ASSIGNED TASK:
Make an exact copy of the listing below. Pictures stay out of it.

PROVIDED MATERIAL:
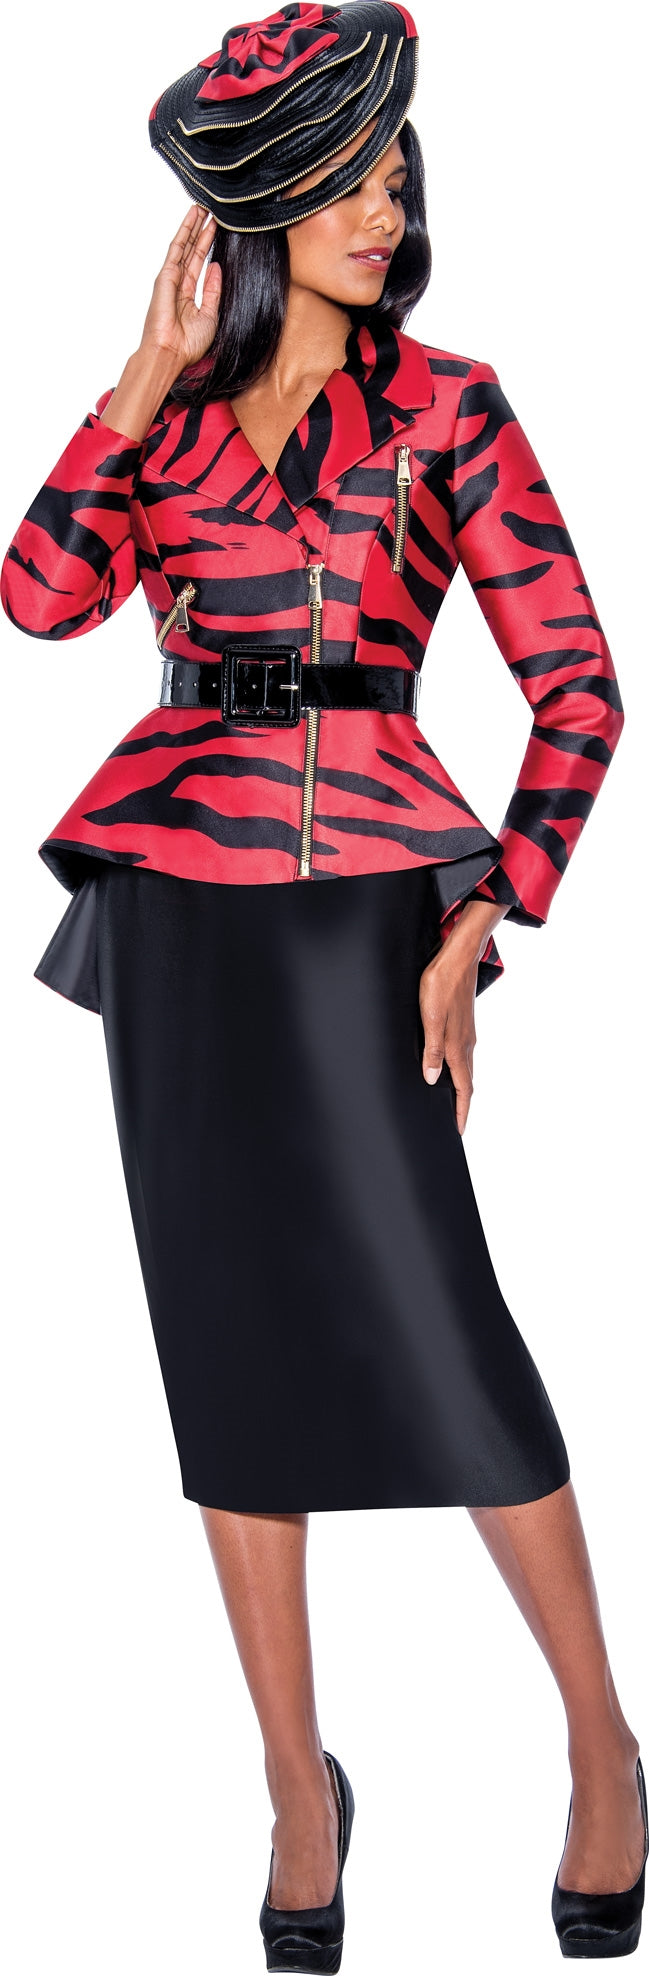 GMI Church Suit 9242-Red/Black - Church Suits For Less
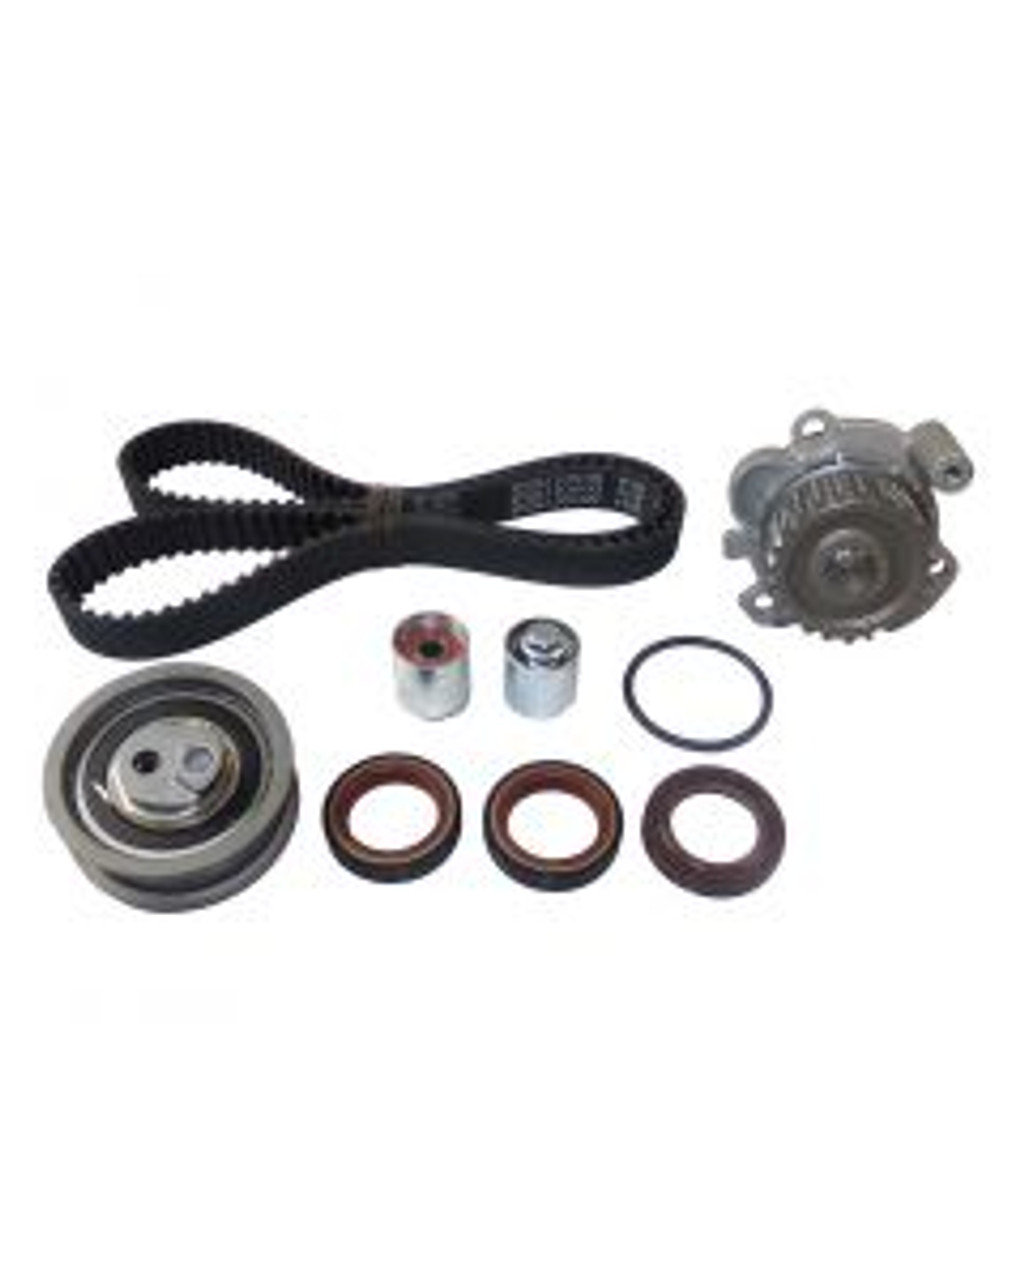 Timing Belt Kit with Water Pump 2.0L 2008 Volkswagen Eos - TBK802WP.24
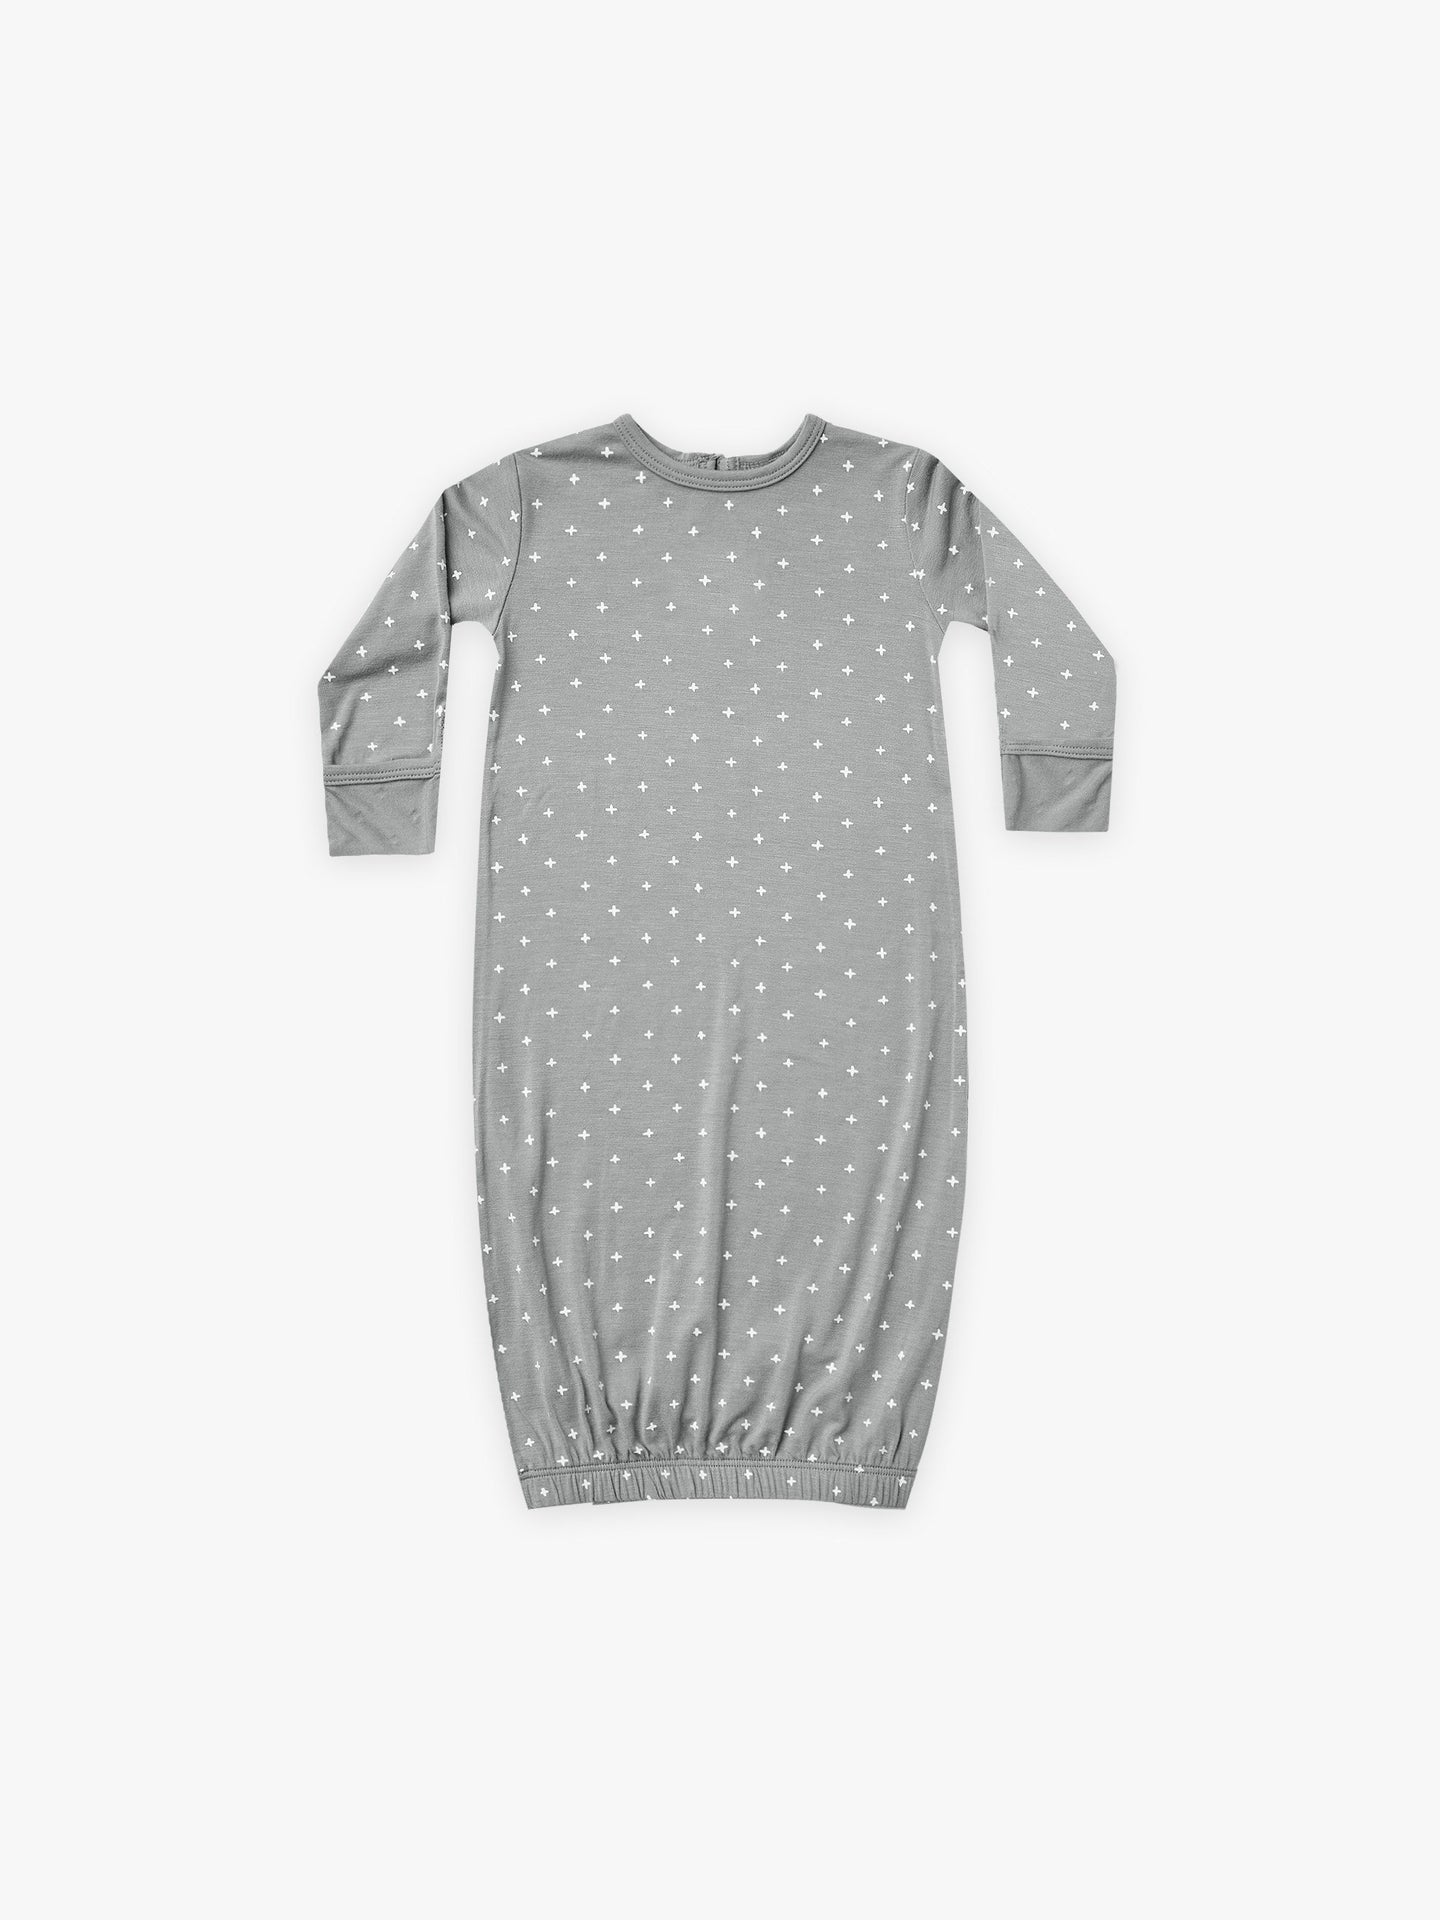 Quincy Mae - Criss Cross Bamboo Baby Gown - Dusty-Blue
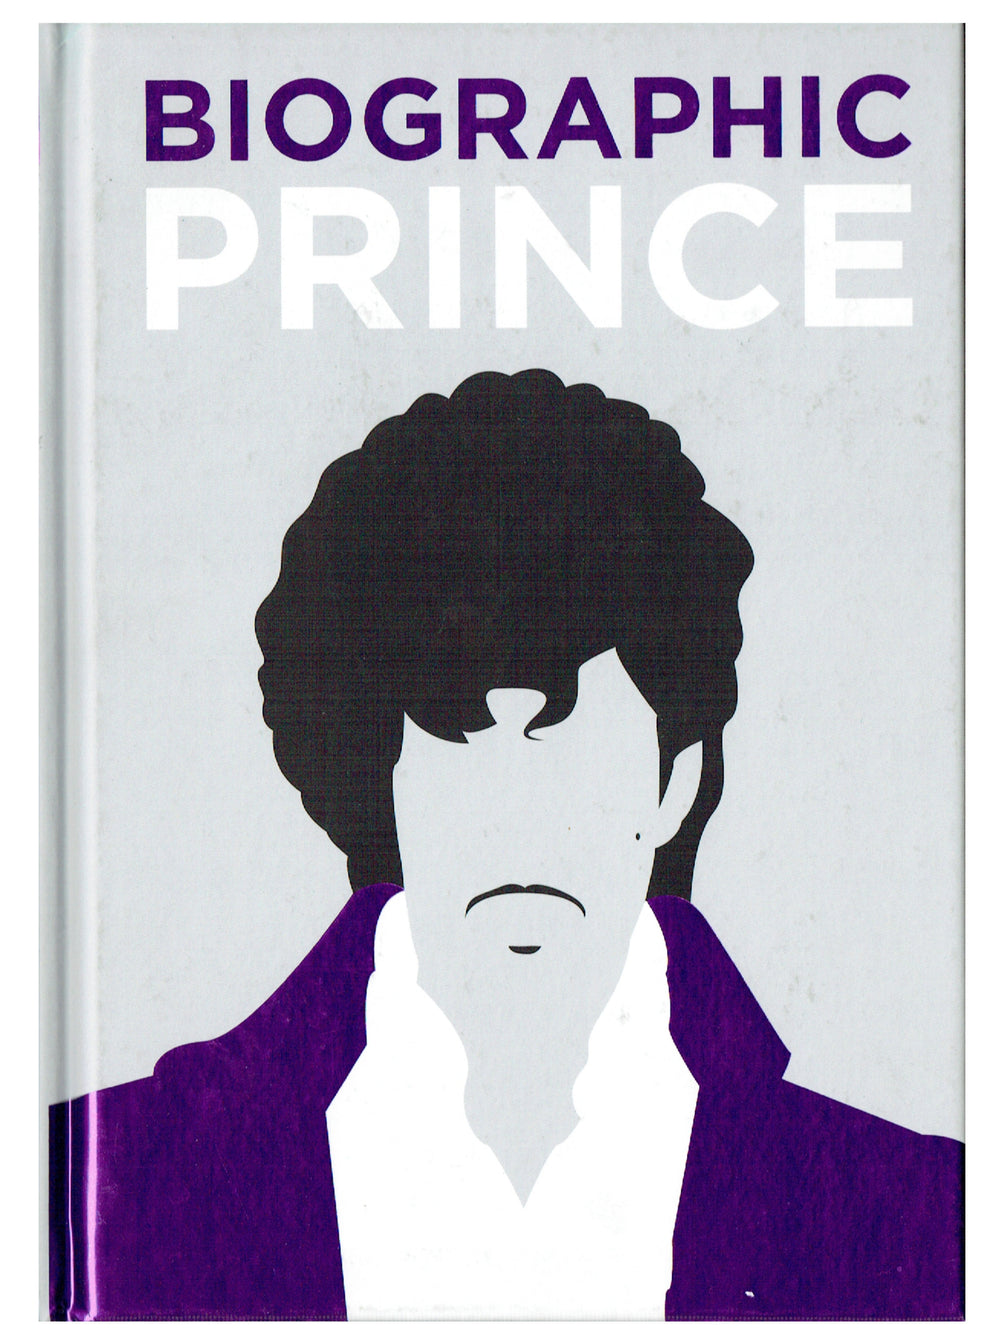 Prince – Great Lives in Graphic Form Hardbacked Book NEW

SOLUTION FOR THIS PROBLEM:
 GMI Church Suit 9242-Red/Black - Church Suits For Less
 Timing Belt Kit with Water Pump 2.0L 2008 Volkswagen Eos - TBK802WP.24
 Quincy Mae - Criss Cross Bamboo Baby Gown - Dusty-Blue
 Prince – Great Lives in Graphic Form Hardbacked Book NEW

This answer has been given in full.